Она отмахнулась и ушла в комнату, плотно закрыв за собой дверь.
Прошло еще пять дней. Тоска навалилась с такой силой, что Маша чувствовала себя придавленной бетонной плитой — ни пошевелиться, ни вздохнуть. «Завтра пойду на вокзал за билетом, — решила она. — Возьму на первый же отправляющийся в Москву поезд!»
И вроде легче стало. Даже уснула без мучений. Но среди ночи проснулась от того, что слезы душат.
— Маша, что с тобой? — услышала она взволнованный голос Зуры. Он, потревоженный ее всхлипами, вбежал в комнату.
Она хотела ответить, но не смогла — задыхалась от рыданий.
Зура бросился к ней, прижал к себе и стал успокаивать. Он гладил ее по волосам, шептал что-то ласковое, укачивал, словно ребенка. И Маша стала затихать.
— Хочешь, я полежу с тобой, пока не уснешь? — прошептал он.
— Хочу.
Не размыкая рук, в кольце которых он держал ее, Зура опустился на бок.
— Я так измучилась, — выдохнула Маша. — Кто придумал, что любовь это прекрасно? Муки сплошные…
— Любовь прекрасна, — не согласился с ней Зура. — Несмотря на муки.
— Чем?
— Только она дает человеку крылья.
— У тебя они есть?
— Большие, сильные, как у Пегаса, мифического крылатого коня, любимца муз.
— А когда их сломают, что делать с этими бесполезными отростками? Только мешают они.
— Ждать, когда заживут.
— Ждать, опять ждать! — Ее голос сорвался.
Зураб шепнул ей на ухо:
— Тшшш… Успокойся. — И вдруг, приподнявшись на локте, поцеловал. Впервые! Раньше он даже щеки ее губами не касался, а тут в губы.

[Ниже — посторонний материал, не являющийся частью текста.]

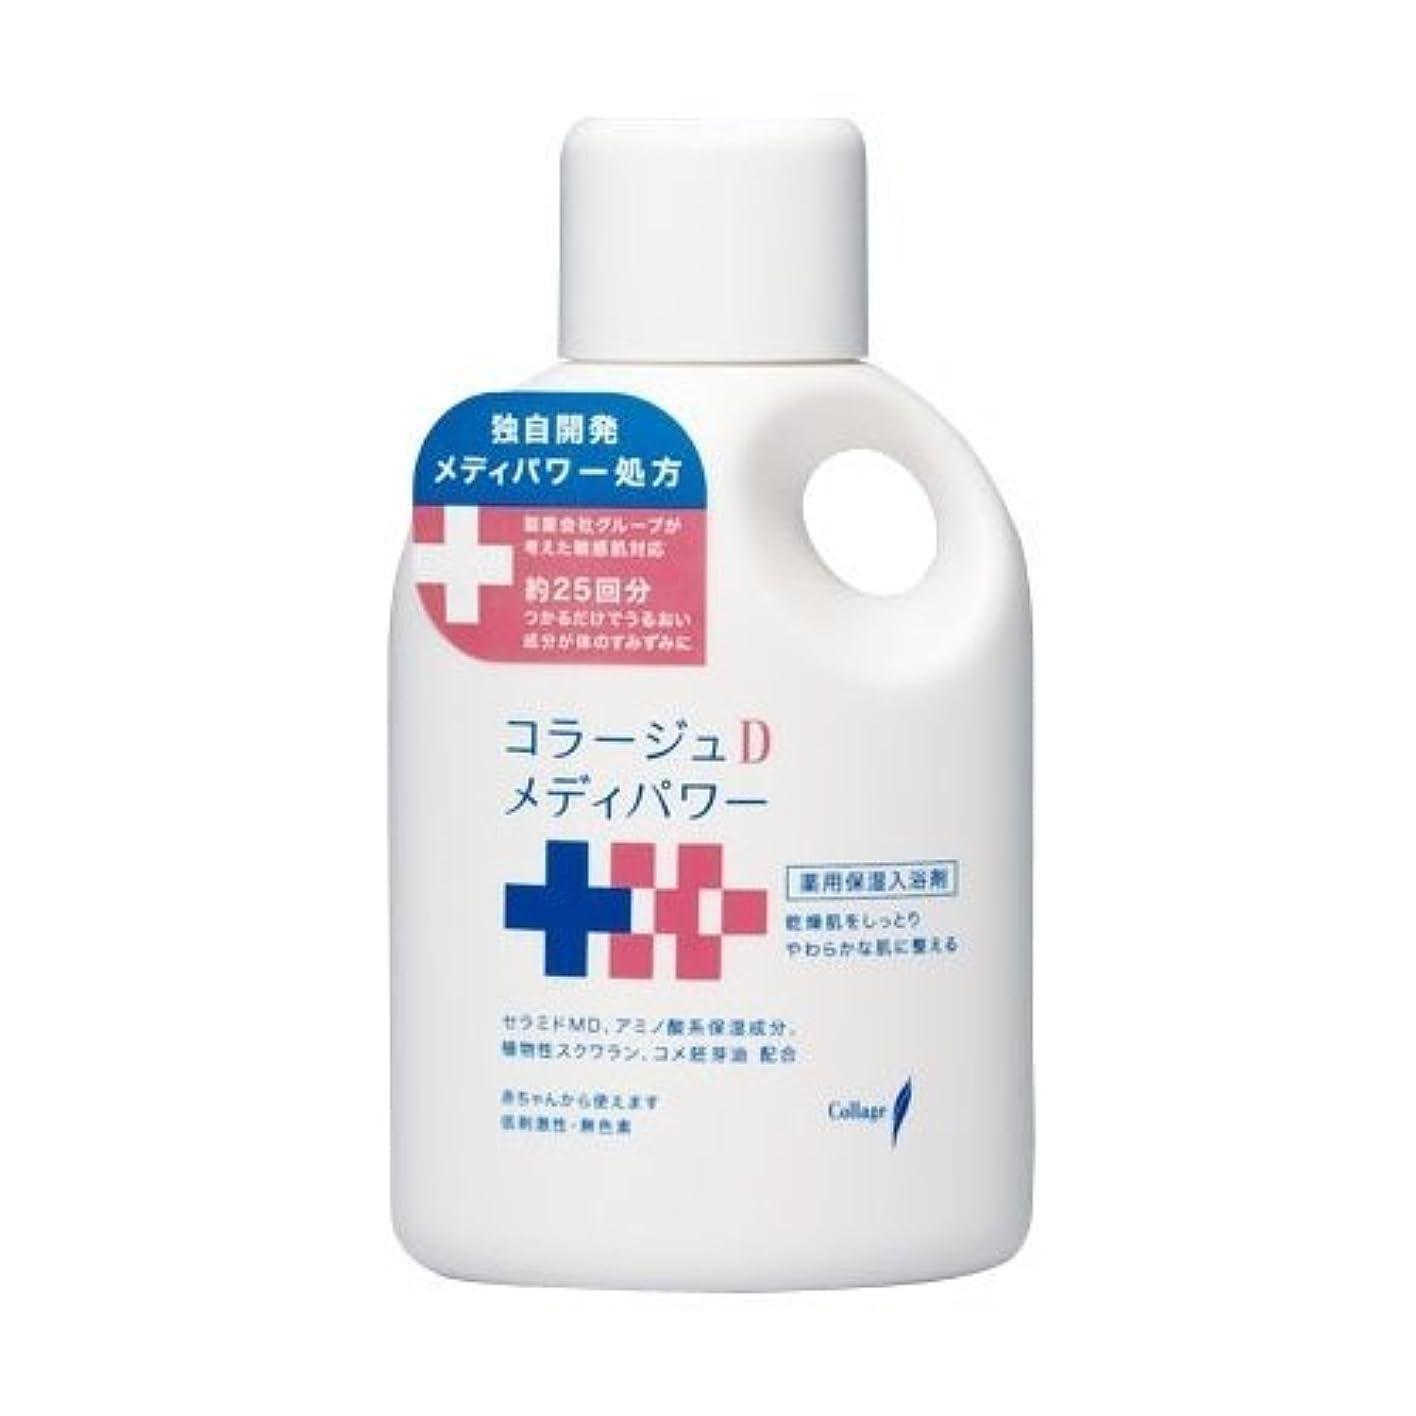 繰り返すギャップ縫い目コラージュ Dメディパワー 保湿入浴剤 500mL (医薬部外品)

Маша удивленно на него воззрилась.
— Знала бы ты, как давно я мечтал об этом… — И снова склонился над ней. У Зураба оказались мягкие, нежные губы. И поцелуи его были приятны Маше. Как и его слова о любви.
А еще ей было с Зурабом спокойно. Всегда, а особенно сейчас. Он как атлант взвалил на свои мощные плечи плиту, что давила на нее, не давая двигаться и дышать.
Он целовал ее и говорил, говорил… Она слушала и отвечала. Но лишь на поцелуи. Сказать ей Зуре было нечего…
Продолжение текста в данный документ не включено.